Sam Ah Chookoon, also known as Mr. Cowboy 62, is a country singer from Western Samoa. He attracted attention following a guest appearance on the Ray Hadley show on Radio 2GB.

==Background==
A banana farmer from Vaitoloa in Apia, Western Samoa, Ah Chookoon first fell in love with country music at the age of eight after his father introduced him to it. Johnny Cash is one of his influences. Other music he listened to when he was young were artists such as Jim Reeves, Dwight Yoakam, Charley Pride, George Straight and Patsy Cline. In October 2019 , he made an appearance with guitarist Josh Mase on Radio 2GB show hosted by Ray Hadley. While there Sam with instrumental accompaniment by Josh, he did a cover of Grandpa" which was originally done by The Judds. He made a big impression on the host who said "I’m overwhelmed". Hadley also predicted big things for his future. By December that year he had already attracted millions of views online and thousands of followers across the world with his music. In an interview with The Coconet, he said that he never intended to be the Pied Piper of country but since sharing his music on social media, he was encouraged to see a lot of fellow pacific islanders supporting the genre. By early 2019, he had recorded and released a country song in Samoan. He was one of the first Polynesian artists to play at Tamworth.

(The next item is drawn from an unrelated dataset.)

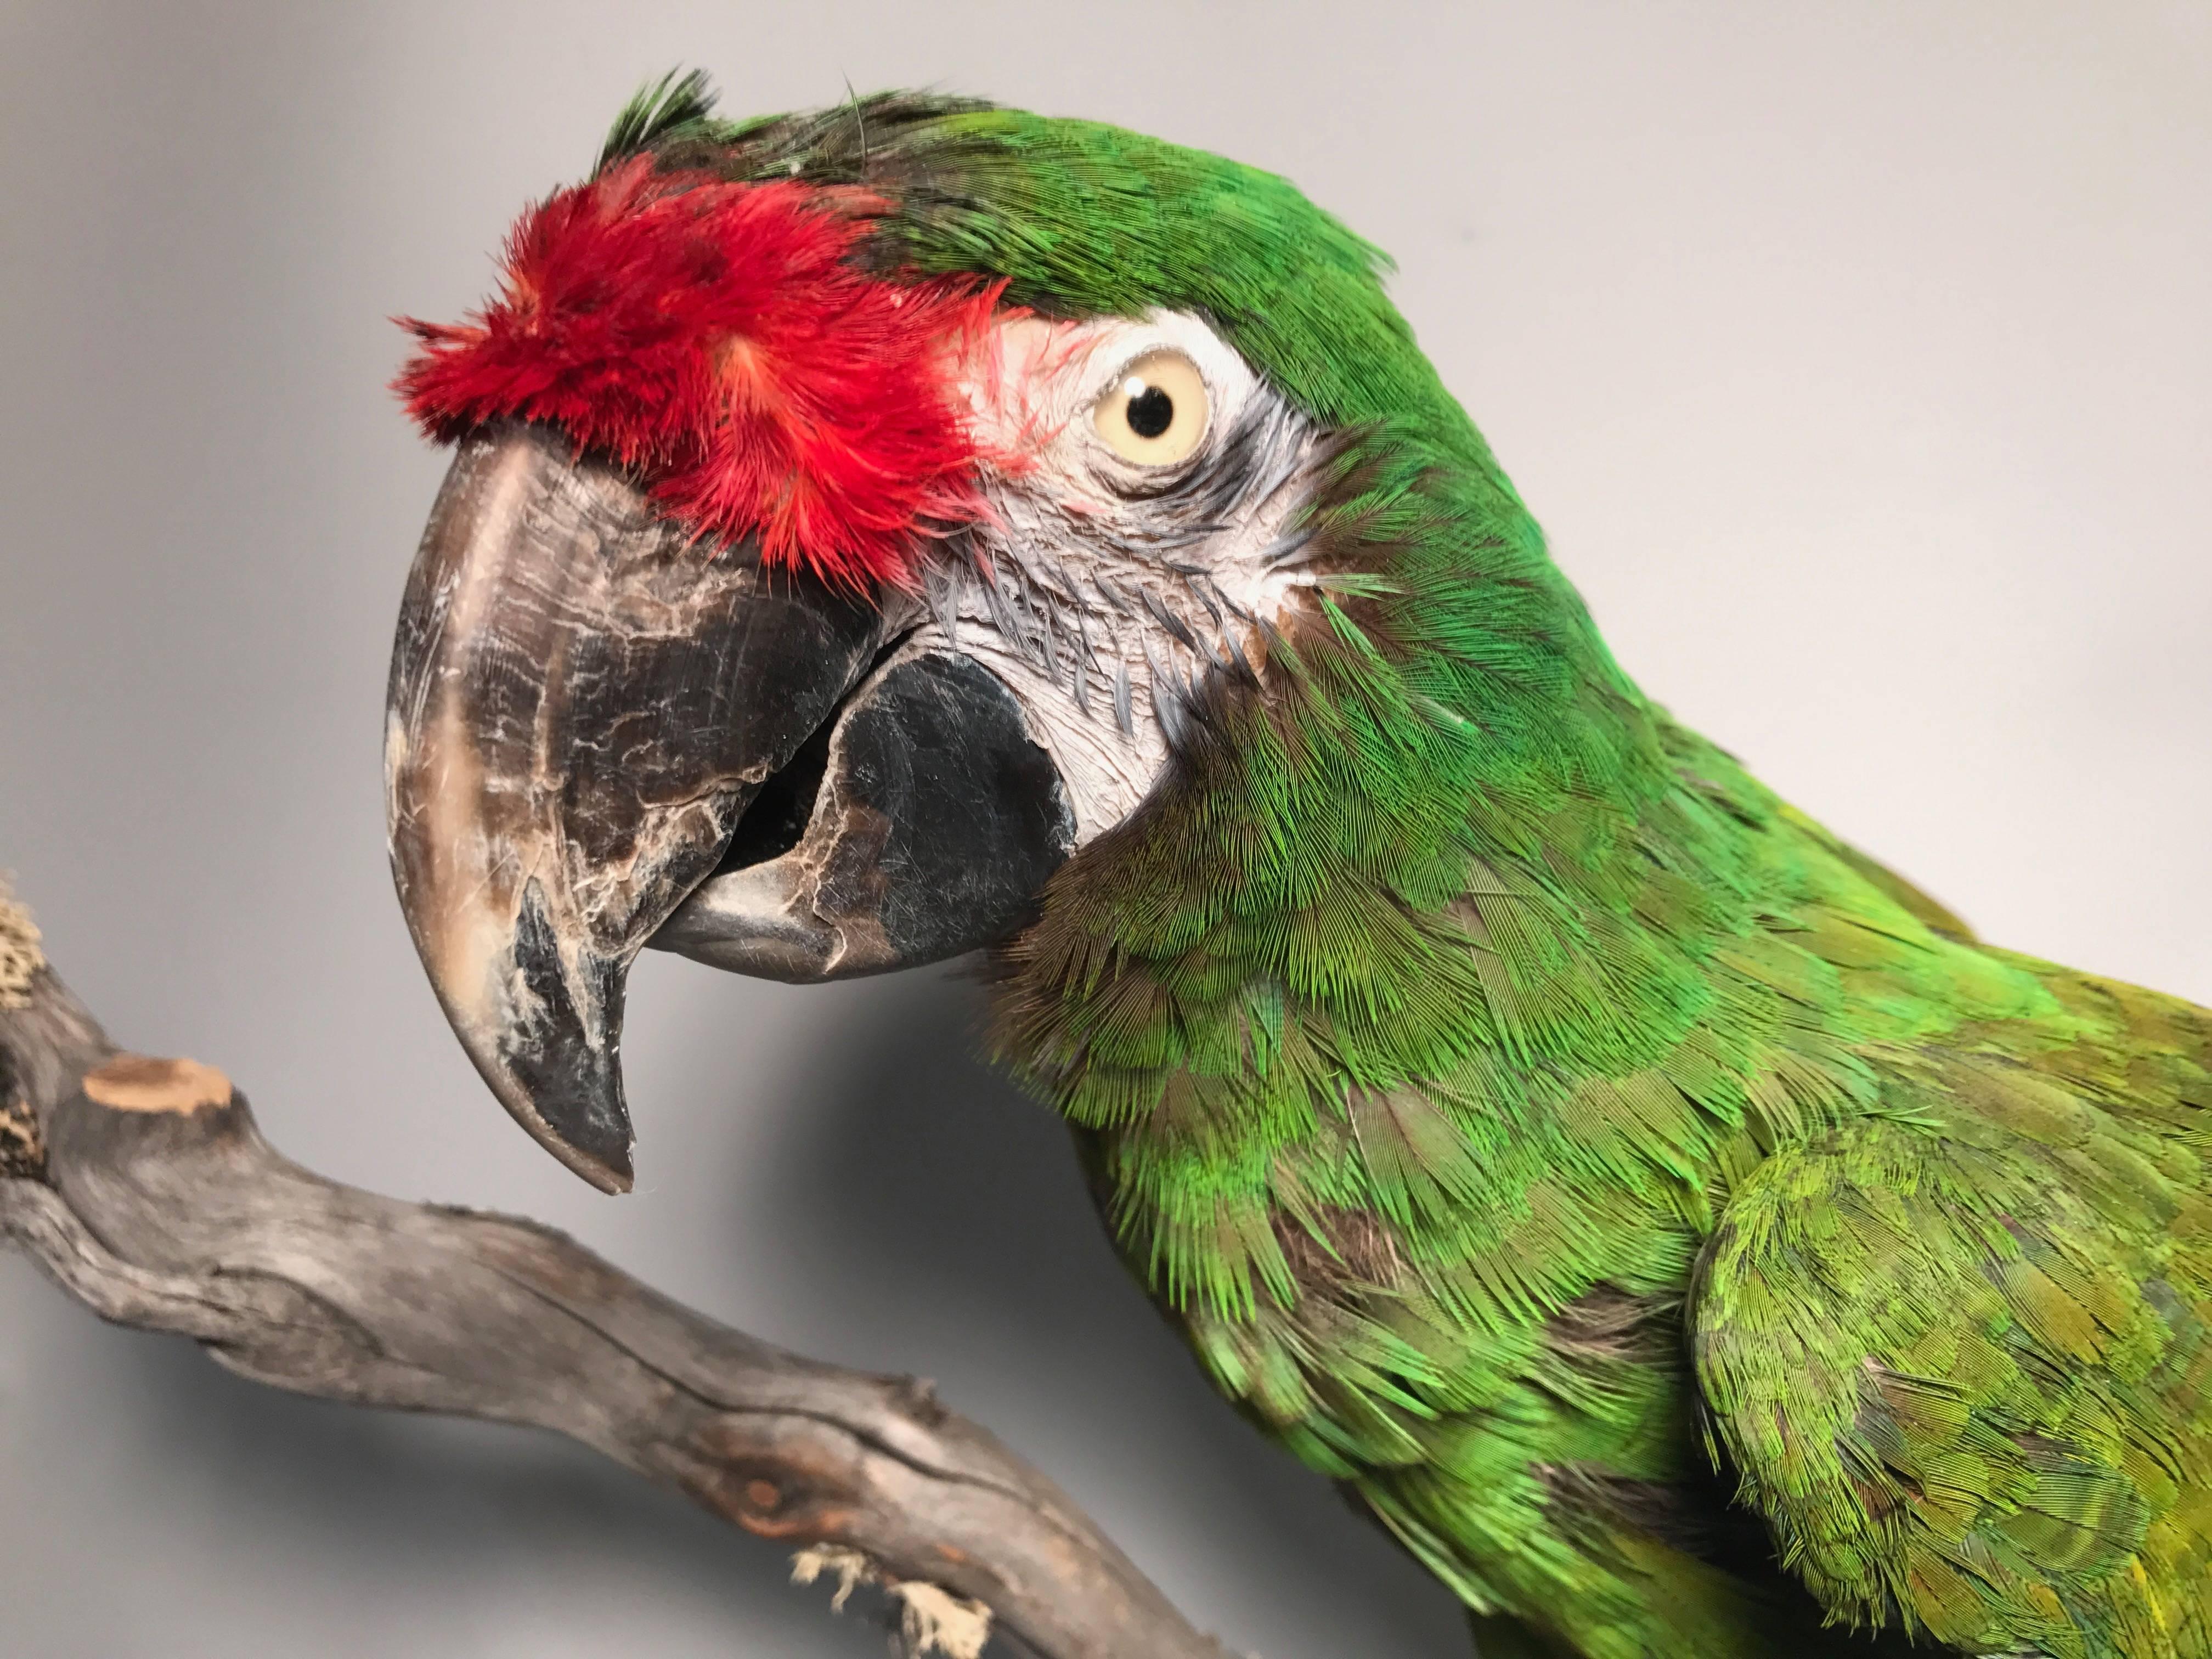 Taxidermied Military Macaw mounted on a wooden branch and black painted base. Military Macaws are generally found in Central and South America. This specimen is beautifully mounted and would make a great addition to any collection.

Along with Uili Lafaele Junior who is a former Pesega College music teacher, Chookoon has set up a recording studio in Samoa to work with aspiring artists.

==Venues==
He appeared at the Penrith Hotel on October 19, 2019. He appeared at the 2020 Tamworth Country Music Festival with his nine-piece band The Western Samoans which is made up of Samoan musicians.

He is to appear at the 2021 Tamworth Country Music Festival event as part of an International Showcase.

He appeared at the Tamworth festival in January 2023.

He was booked to play the 2023 Polyfest in Auckland New Zealand in March, 2023.